Ser cristão é exigente porque sou chamado a trabalhar-me, a ir por caminhos por onde a maioria não vai, a ver com outros olhos uma realidade tantas vezes árdua e incompreensível. Mas ser cristão também é termos consciência do privilégio que é vivermos uma dor acompanhada por um Deus que nos abraça. Não somos fruto do acaso. Não somos acidentes de percurso. Não somos percalços da natureza. Somos, desde toda a eternidade, seres únicos na sua individualidade e amados por Deus. Tudo o que somos, o que escolhemos, o que nos acontece, o que experimentamos, o que rejeitamos, o que aceitamos faz parte da nossa identidade, da nossa história. O modo como eu lido com o que me acontece é o que me constrói. Por isso, como cristão, quero escolher ver e viver com esperança. Como cristão quero encontrar Deus nos momentos bons e menos bons da minha existência. Deus precisa do nosso testemunho de cristãos nas nossas circunstâncias mais desafiadoras, mais rigorosas, mais exigentes. É nesses momentos que Ele está mais presente e é, muitas vezes, aí que o podemos anunciar ao mundo com mais verdade, com mais plenitude, com mais concretude.
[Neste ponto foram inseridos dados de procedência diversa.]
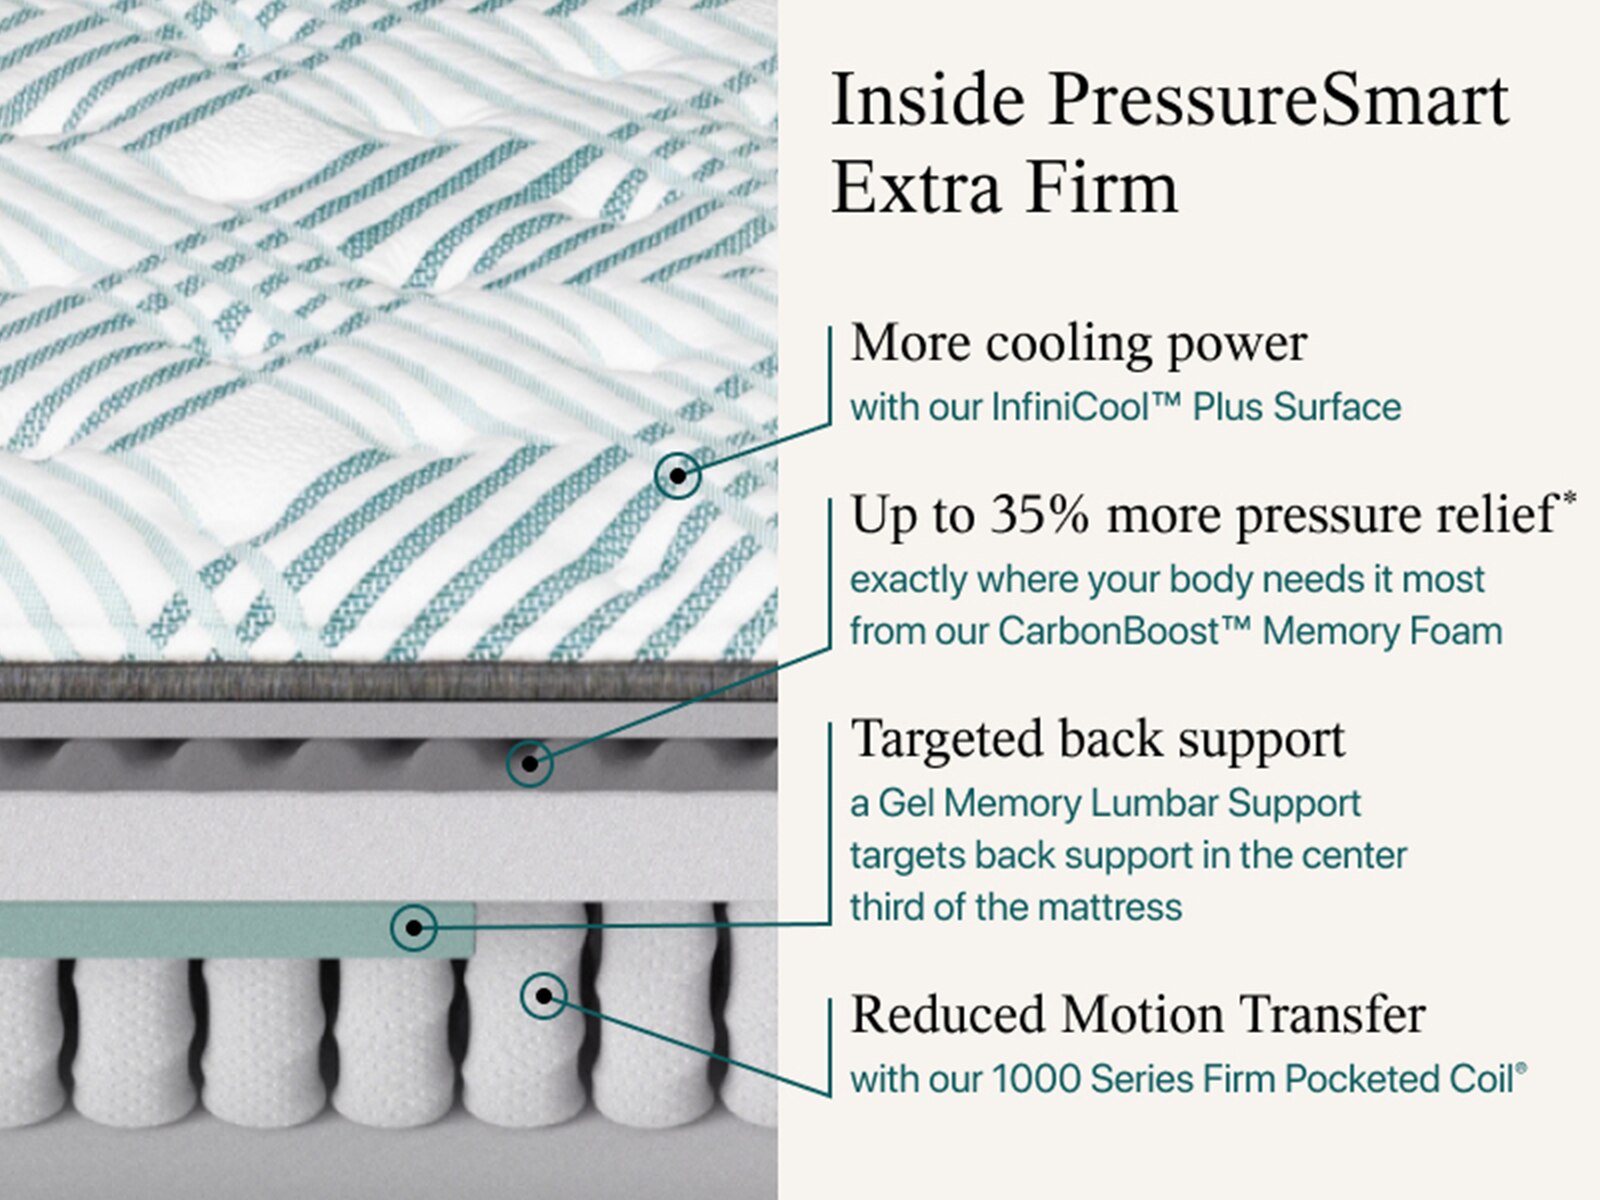 pressuresmart 2.0 firm 11 inch mattress

Nos meses seguintes à morte do Jorge, enquanto eu e a minha comunidade nos íamos reconstruindo numa existência nova, numa das minhas meditações, surgiu-me a seguinte frase, que, hoje, muito a uso como oração diária: “Senhor, não sei o que me espera, mas sei que Tu me esperas sempre naquilo que eu não esperava.” Entreguemos a Deus tudo o que somos. Viver a esperança cristã não é não ter medo ou não o sentir. É antes aceitar essas dores e colocá-las nas mãos de Deus. E esperar contra toda a esperança, como nos diz São Paulo numa das suas Cartas. O Filho de Deus fez-se Homem para nos acompanhar em tudo, até mesmo nas nossas sombras e medos. Na sua morte na cruz está toda a dor que cada um de nós experimenta. Não estamos sozinhos. Mesmo na mais profunda das tristezas, há sempre aquela Luz que não se apaga. Essa Luz tem um nome – Jesus. Essa Luz tem um rosto – os nossos próximos (família, amigos, comunidade). Essa Luz tem uma força intensa – a do Amor. Essa Luz tem uma duração plena – a da Eternidade. “Confia no Senhor, põe nele a tua esperança”.